L’identité du Réel ne se donne pas DANS L’INSTANT, mais seulement PAR LE MENTAL, invitant en quelque sort au RÊVE.
Le Judaïsme s’accorde parfaitement avec cette première Force, rêve et état de veille. De ce fait il est très puissant. Or CE QUI EST RÉEL DOIT TOUJOURS EXISTER, CE QUI APPARAÎT NOUVELLEMENT, À L’ÉTAT DE VEILLE, DOIT AUSSI RETOURNER AU DODO : IL N’EST PAS PERMANENT (on ne fait pas des affaires en sommeil profond !).
– La Seconde FORCE NE PEUT QU’ÊTRE PERMANENTE, ELLE ne peut qu’être celle des EAUX PRIMORDIALES, comparable au SOMMEIL PROFOND : « dans la sushupti (état de sommeil profond), il n’y a plus d’identification avec le corps et donc pas de perceptions ; de même, dans l’état transcendantal, l’identité avec le brahman [le Soi, l’Être Suprême] met l’homme en harmonie avec toutes choses, et il n’y a rien qui soit séparé du Soi ». (Ramana Maharshi 2, 15-5-1935).
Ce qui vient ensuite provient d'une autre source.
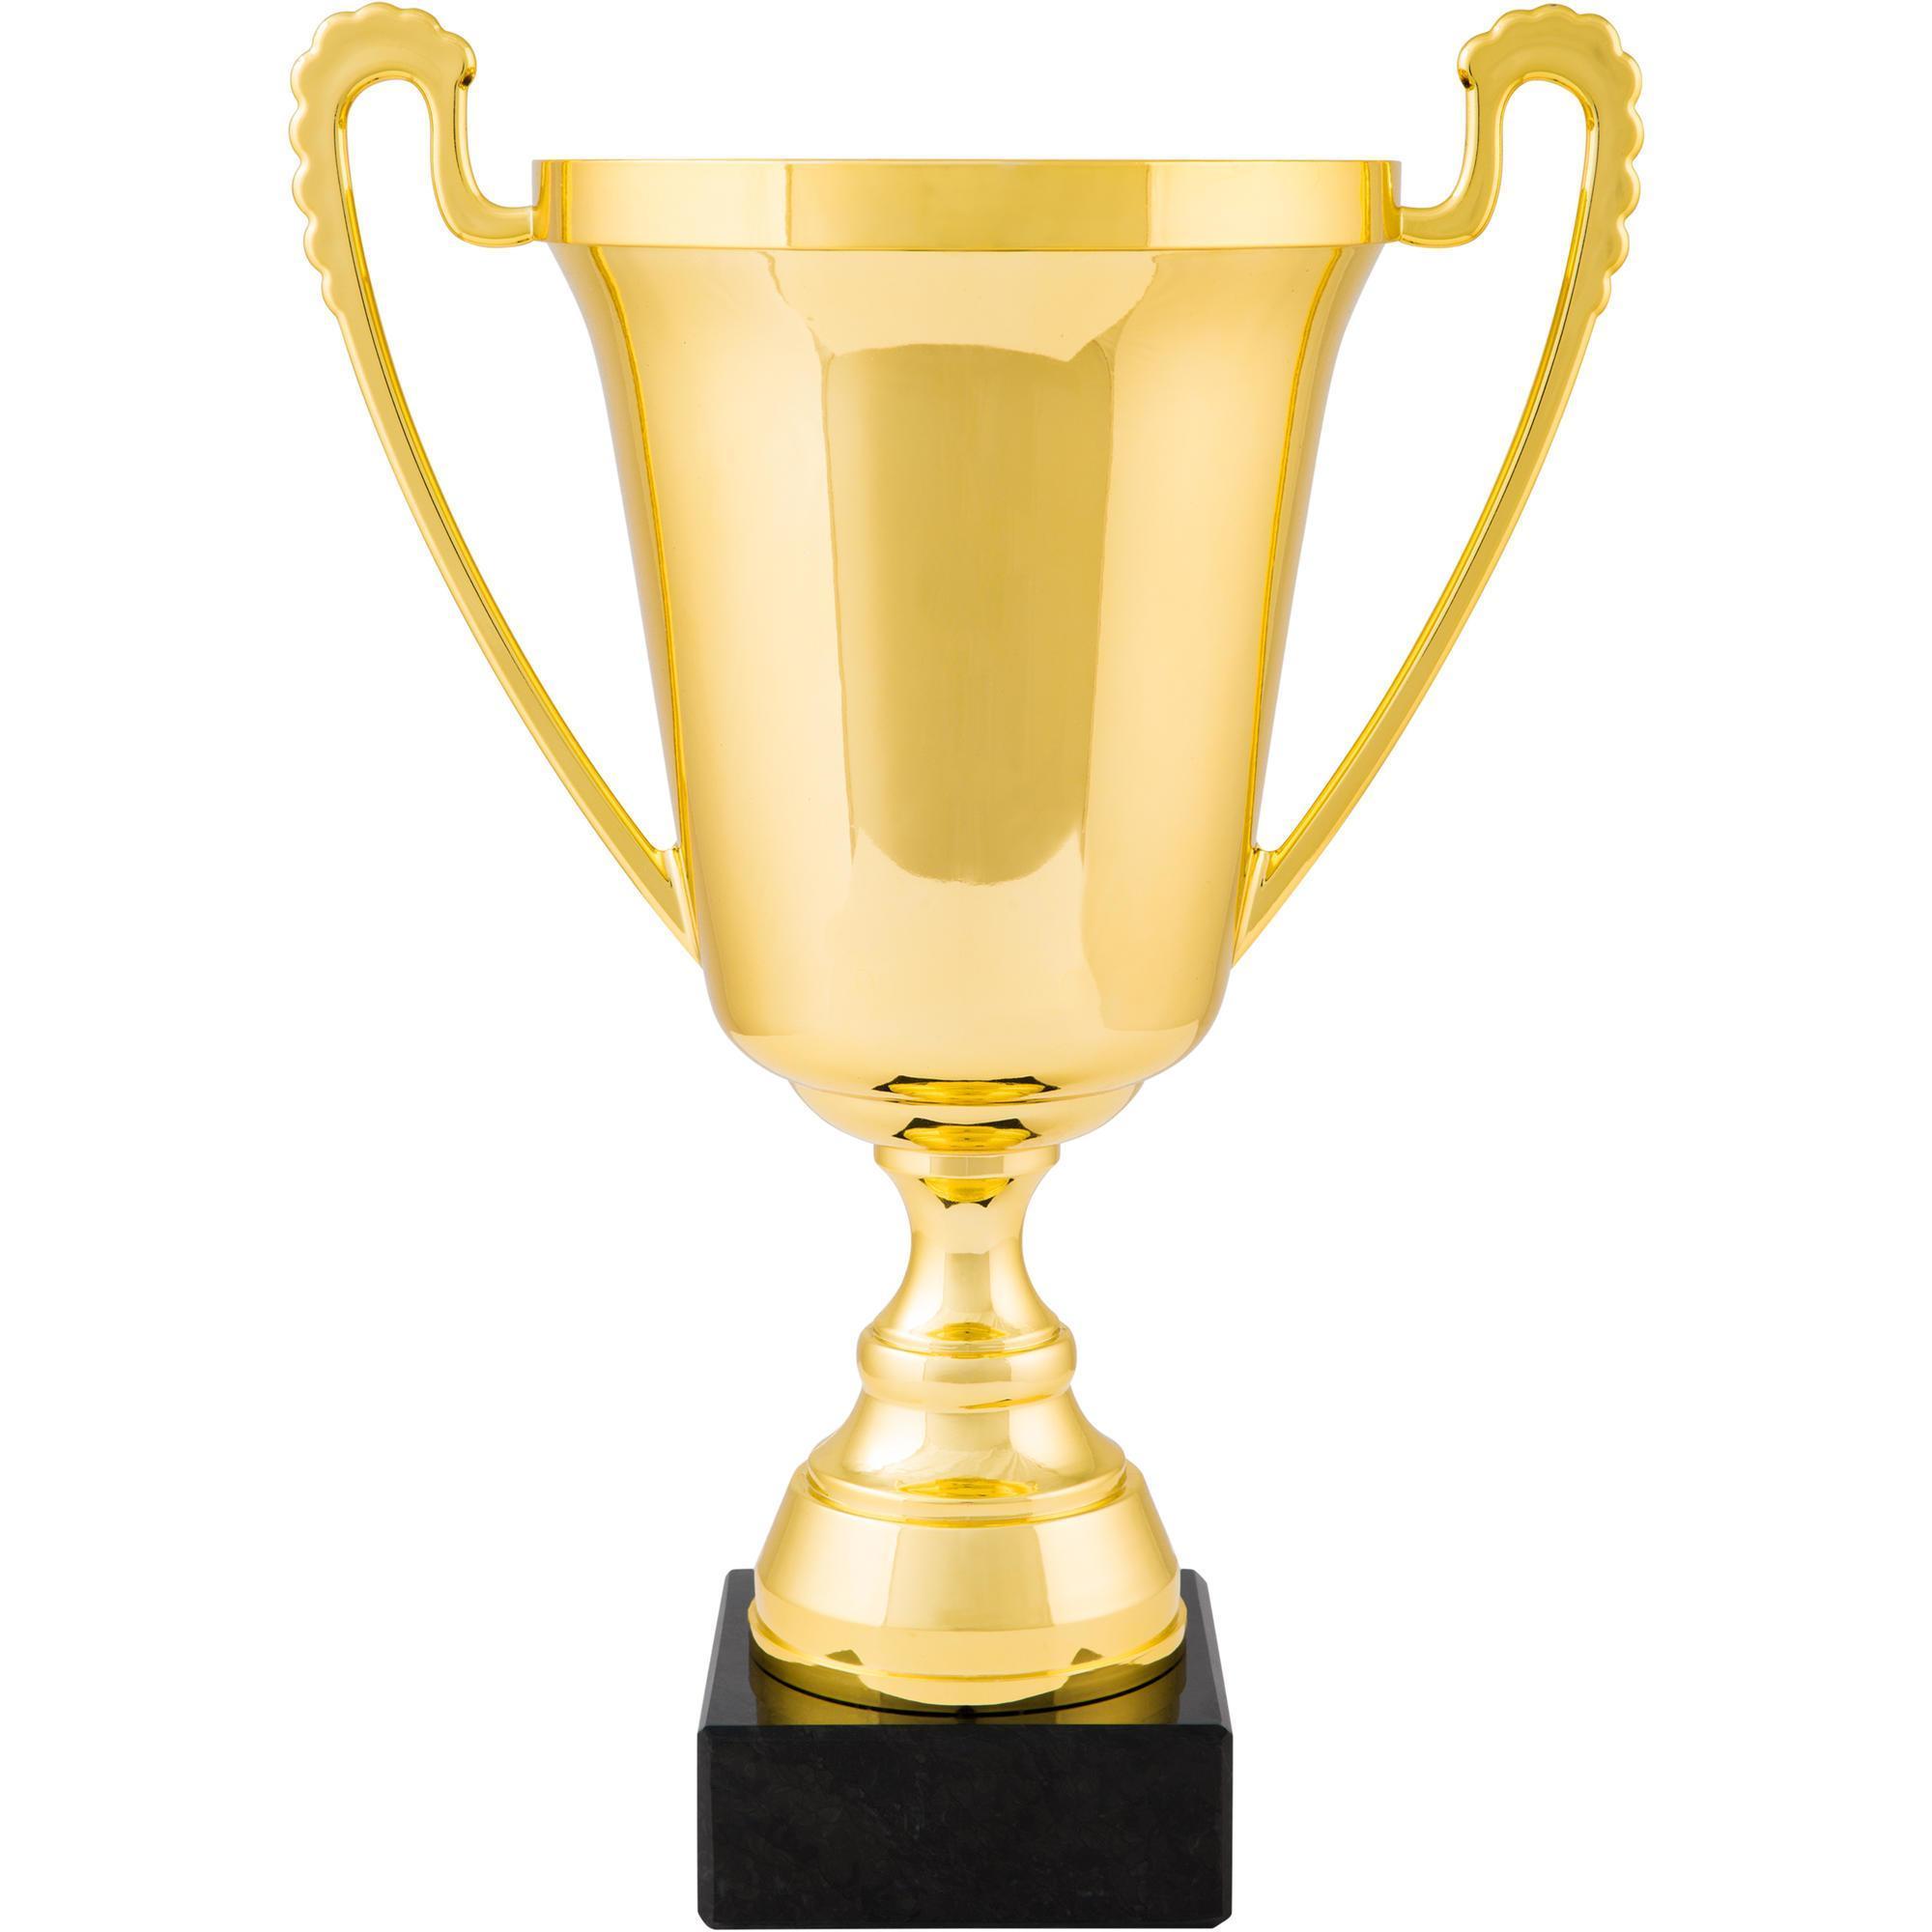 Trofeeën en medailles kopen met voordeel
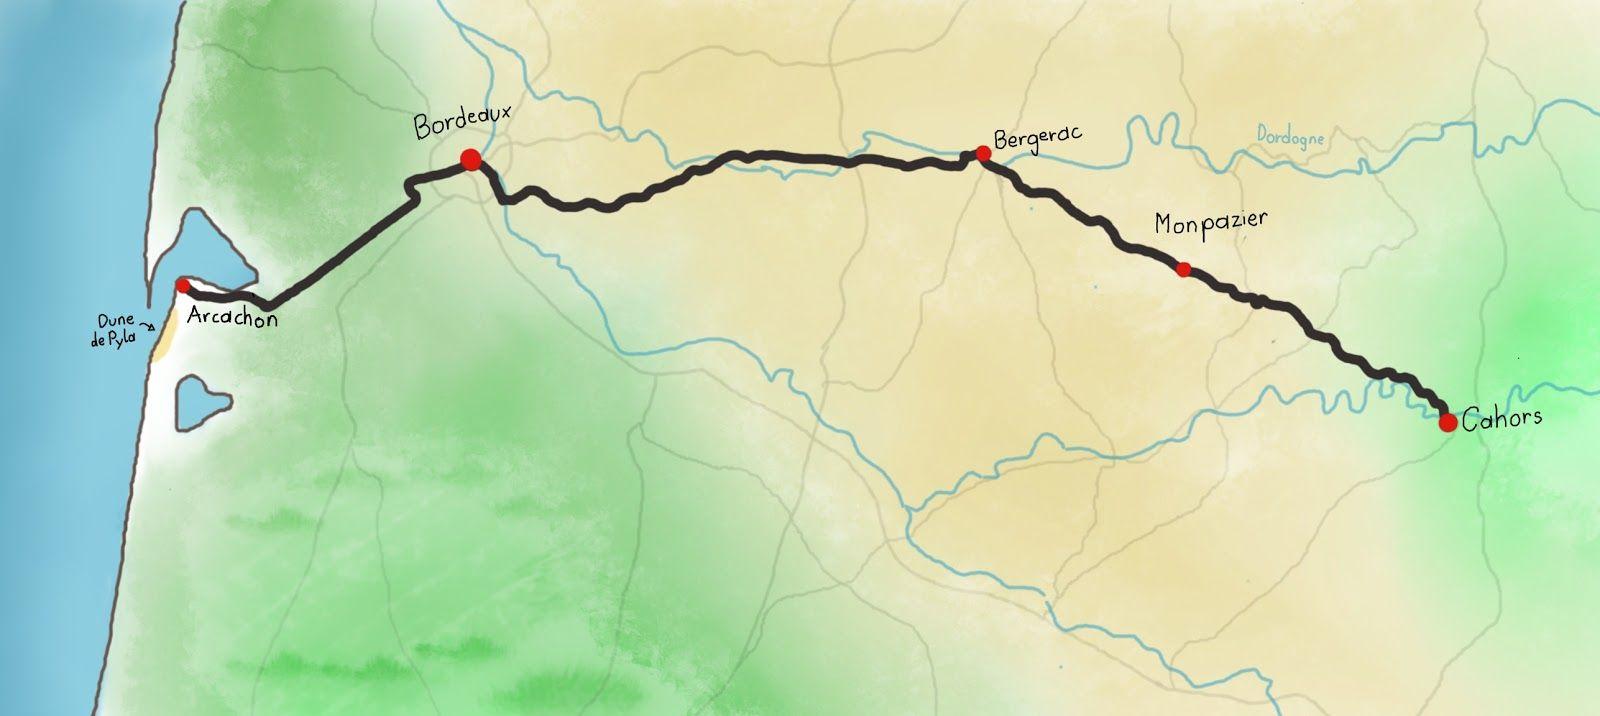 Vom Perigord Nach Arcachon Und Bordeaux Reisen Bordeaux Ausflug

Dans l’entretien 3 : « Dans le sommeil profond, l’homme ne possède rien, pas même son propre corps. Et au lieu d’être malheureux il est parfaitement heureux. Chacun désire dormir profondément. La conclusion en est que le bonheur est inhérent à l’homme et n’est pas dû à des causes extérieures. Pour ouvrir les réserves du bonheur parfait, il faut réaliser le Soi ».
« Le Soi est toujours présent, rien n’existe en dehors de lui. Soyez le Soi, et désirs et doutes disparaîtront. Ce Soi est le témoin dans les états de sommeil profond, de rêve et de veille. Ces trois états appartiennent à l’ego. Le Soi transcende même l’ego.
N’existiez-vous pas durant le sommeil profond ? Saviez-vous alors que vous dormiez et que vous étiez inconscient du monde ? Ce n’est qu’en état de veille que vous décrivez cette expérience de sommeil comme étant inconscience ; pourtant votre conscience quand vous dormez est la même que lorsque vous êtes éveillée. Si vous savez ce qu’est cette conscience de veille, vous connaîtrez la conscience qui se tient comme témoin dans les trois états. Cette conscience peut être trouvée en cherchant la conscience telle qu’elle était durant le sommeil profond ». (Ramana Maharshi 13a, 7-1-1935).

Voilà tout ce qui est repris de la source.